Re: Hwo to set timeout for PHP persistent connections

From
"scott.marlowe"
Date:
On 3 Mar 2003, Gabriele Bartolini wrote:

> Ciao guys,
>
>    I need to set a reasonable low value of timeout for inactive
> connections, as they seem to stay up when a PHP script calls a
> pg_pconnect on the database server.
>
>    As its main purpose is to serve a Web application, I'd love
> connections to get close after 10-15 seconds of inactivity.
>
>    Is there a run-time configuration I can set in Postgres?

Bad news, the is no timeout.  You should expect there to be as many
persistant connections as there are apachc children times the number of
connections in each child that can happen.

Therefore, it's usually a good idea to configure apache to have fewer max
children than postgresql.  i.e. configure postgresql to handle 128
backends, and apache to run 64 children.  Then you could have two connects
per scripts and you wouldn't quite run out.

The better option is to stop using persistant connects unless you have
proof that connection time is a major impact on the performance of your
machine.

My main box, a Dual PIII 750 can pg_connect about 1,000 times a second.

It can pg_pconnect about 1,000,000 times a second.  Either way, all the
scripts I run take way more than a millisecond to run, and all the queries
I run take hundreds of milliseconds to run as well, so the 1,000th of a
second of a pg_connect may be 1,000 times slower than a pg_pconnect, but
they're both drops in the bucket so to speak, compared to the script
itself.



Re: Hwo to set timeout for PHP persistent connections

From
Steve Crawford
Date:
Short answer - check for the timeout settings in posgresql.conf.

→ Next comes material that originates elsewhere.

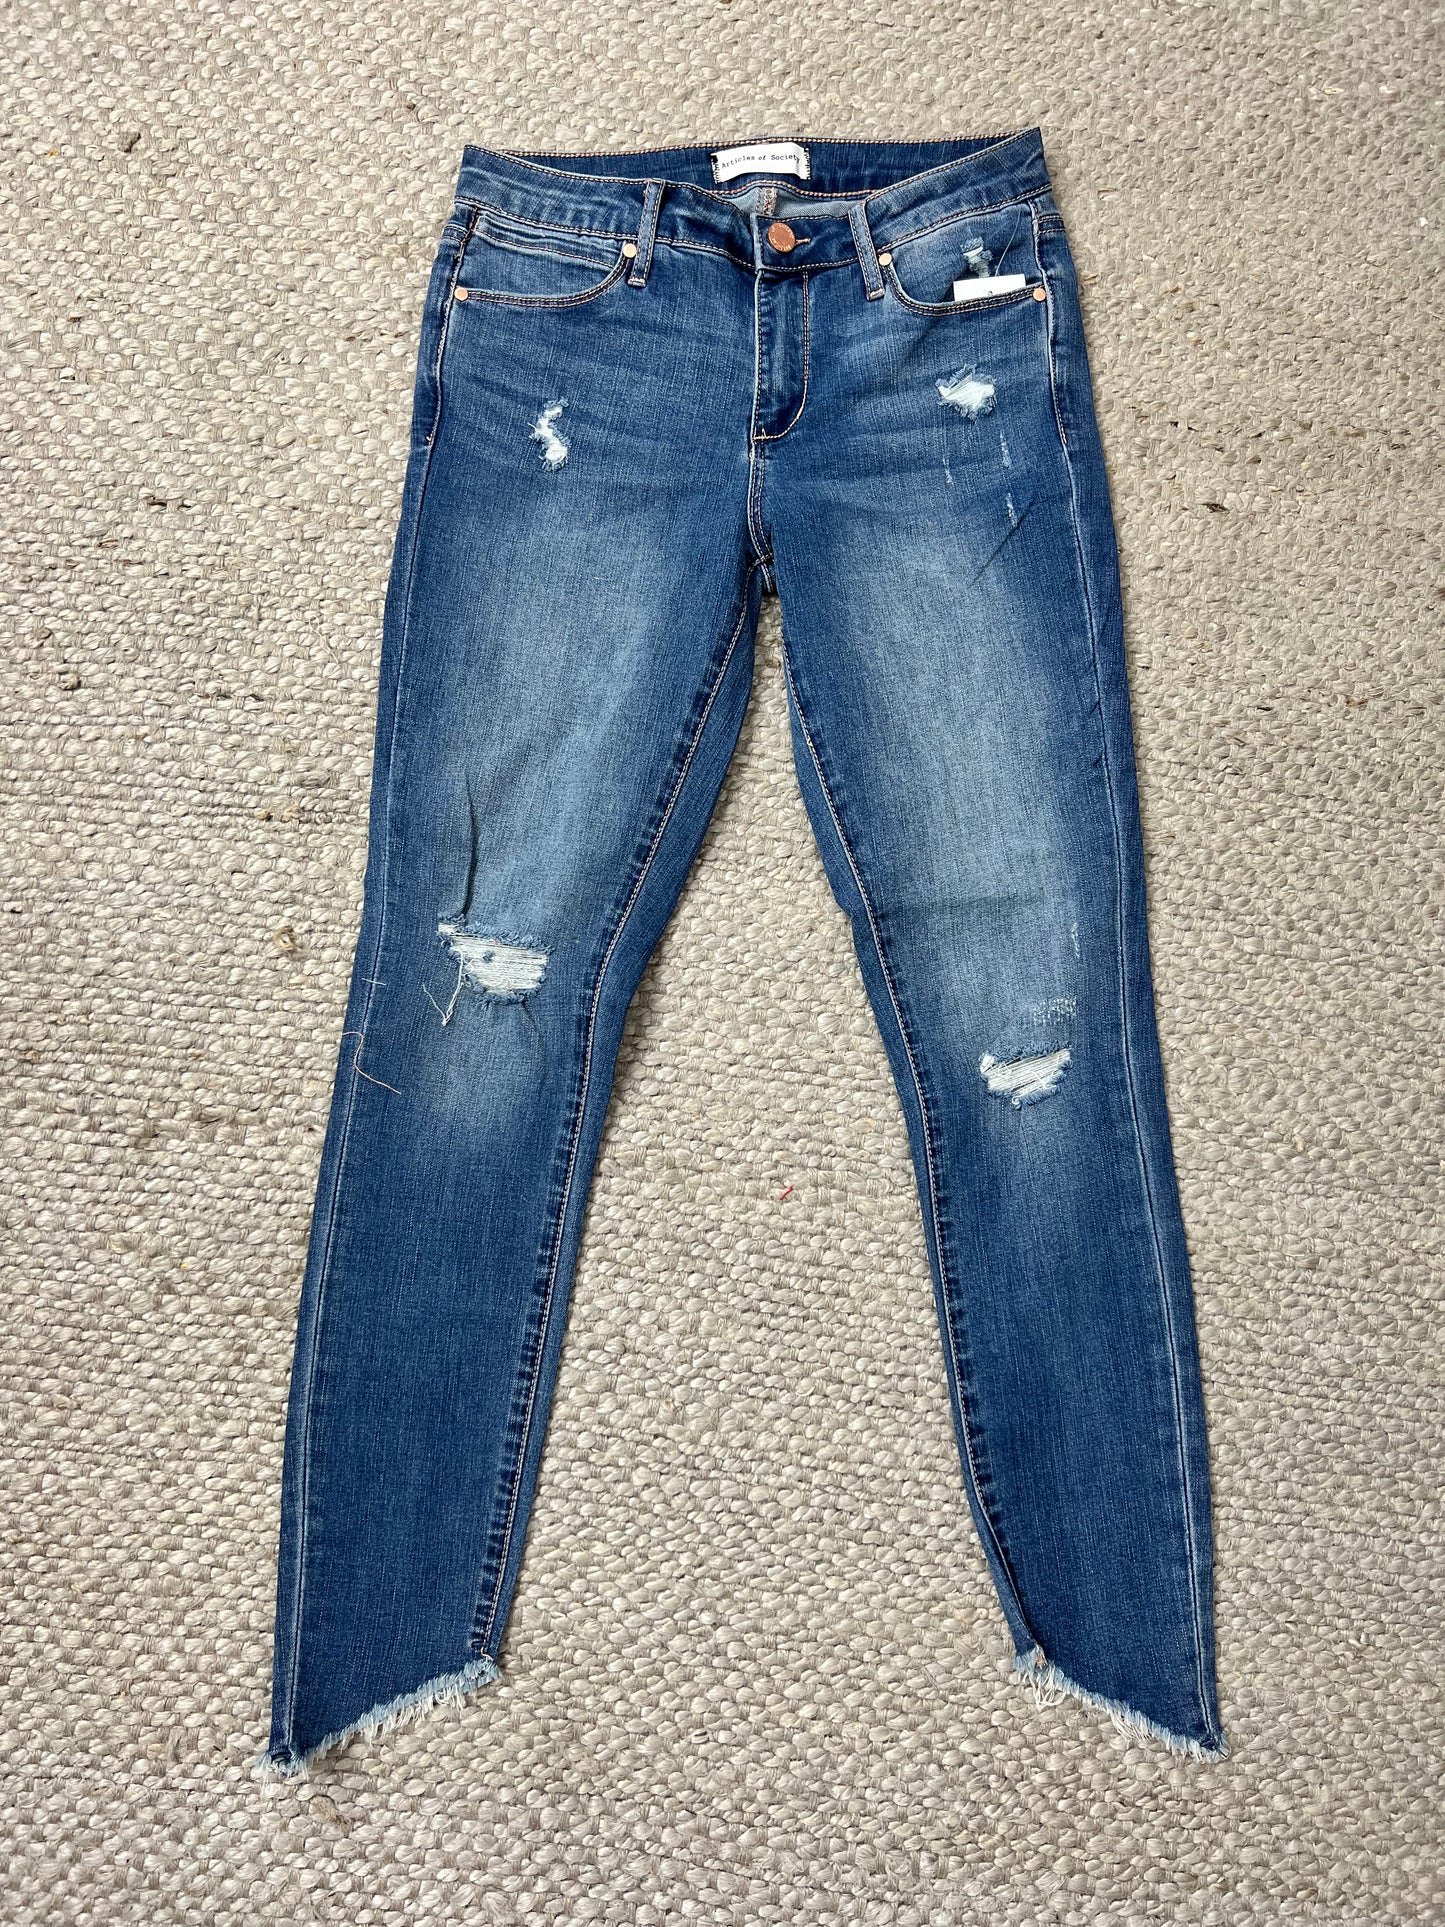 Suzy Newport Jeans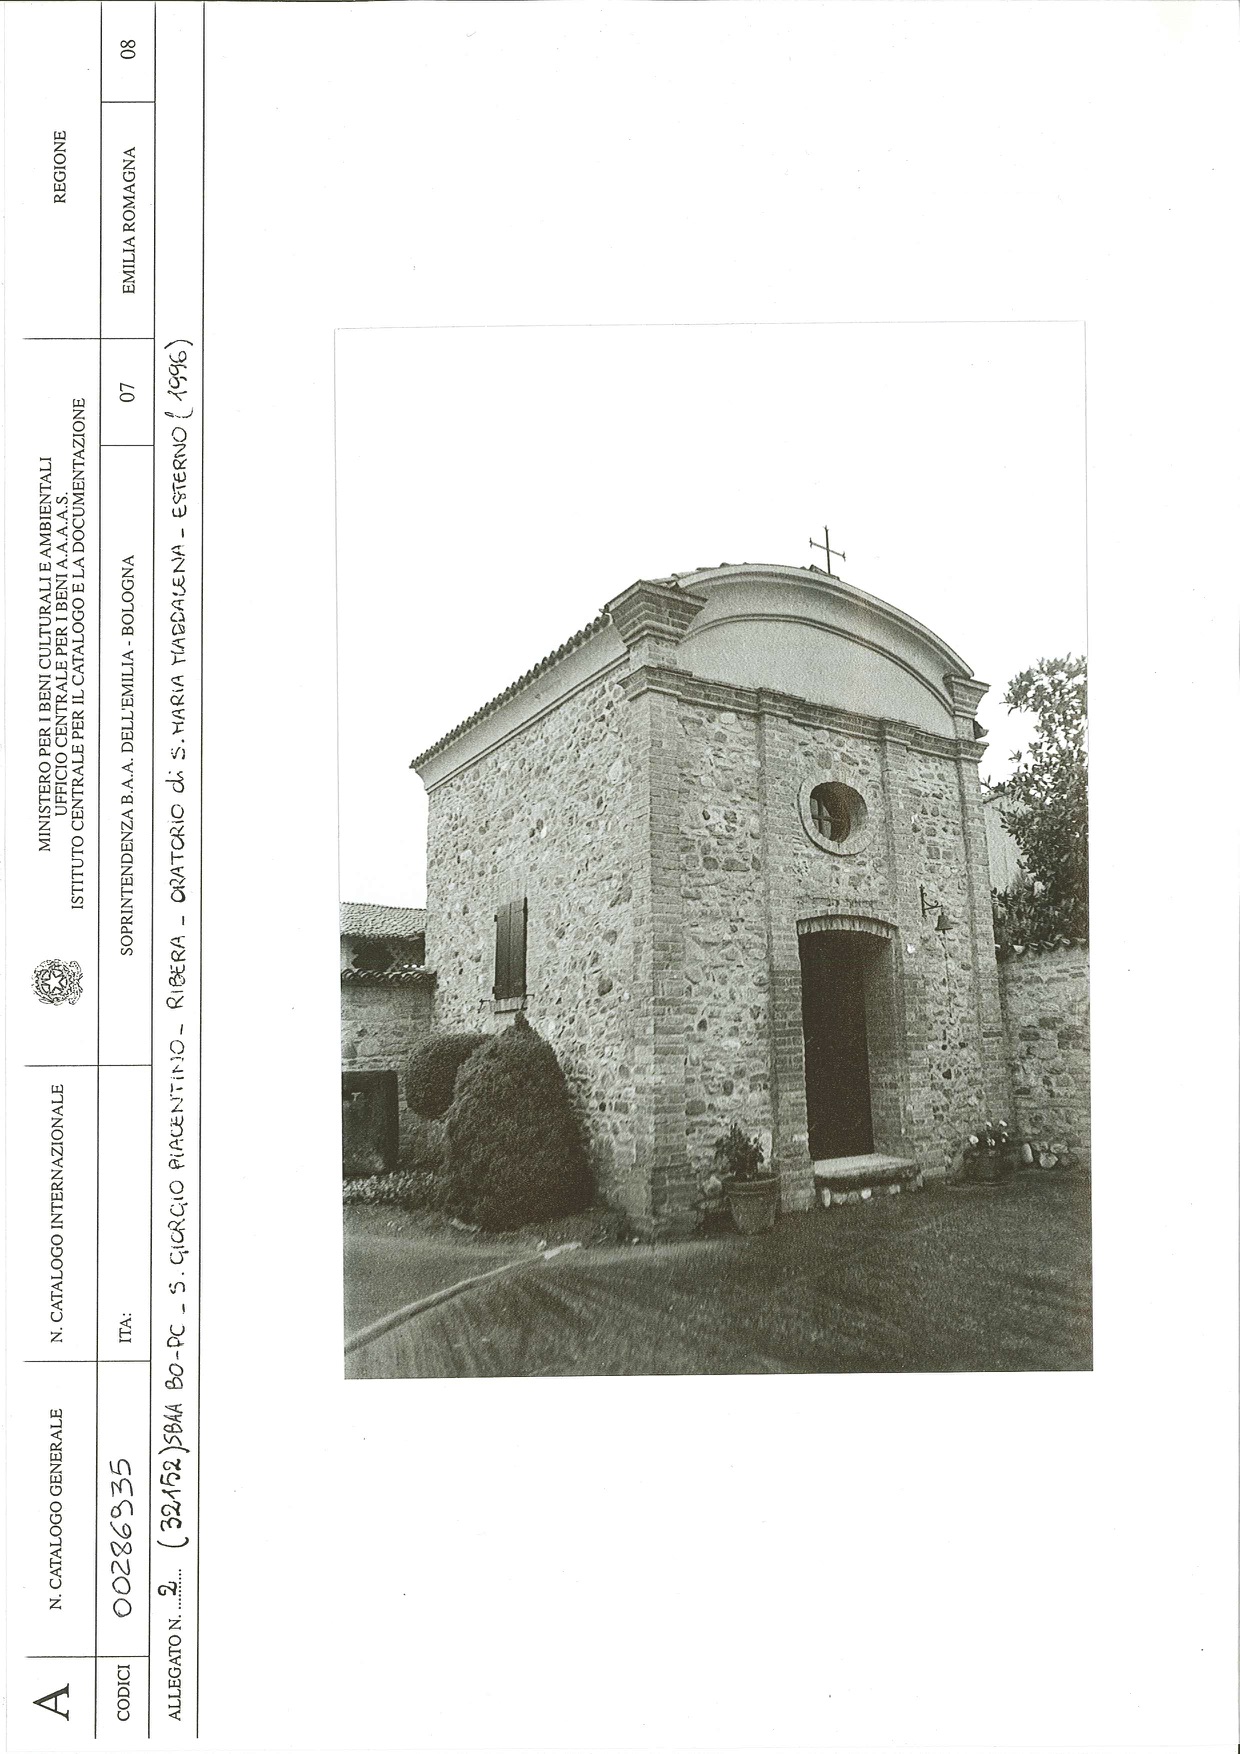 Palazzo Ribera (insediamento agricolo complesso, a corte chiusa) - San Giorgio Piacentino (PC)

Long answer: It's not a bug it's a feature.

PHP can be set to maintain persistent database connections. Persistent
connections can improve performance by eliminating the overhead of setting up
and tearing down the connection to the database on a use-by-use basis. This
can be good (doing a bunch of simple inserts on an open-do inserts-close vs.
doing an open-insert-close for each insert generally gives me a 10x boost in
performance) and is appropriate if 1) lots of your traffic requires database
access and 2) you have sufficient resources to maintain enough open
connections (typically one per web server process so look at your max
processes setting in your web server).

I'm not a PHP guru but I think there is a way to either explicitely close the
connection or to turn off persistence which may be better than having
PostgreSQL drop the connection. You could ask on the PHP list.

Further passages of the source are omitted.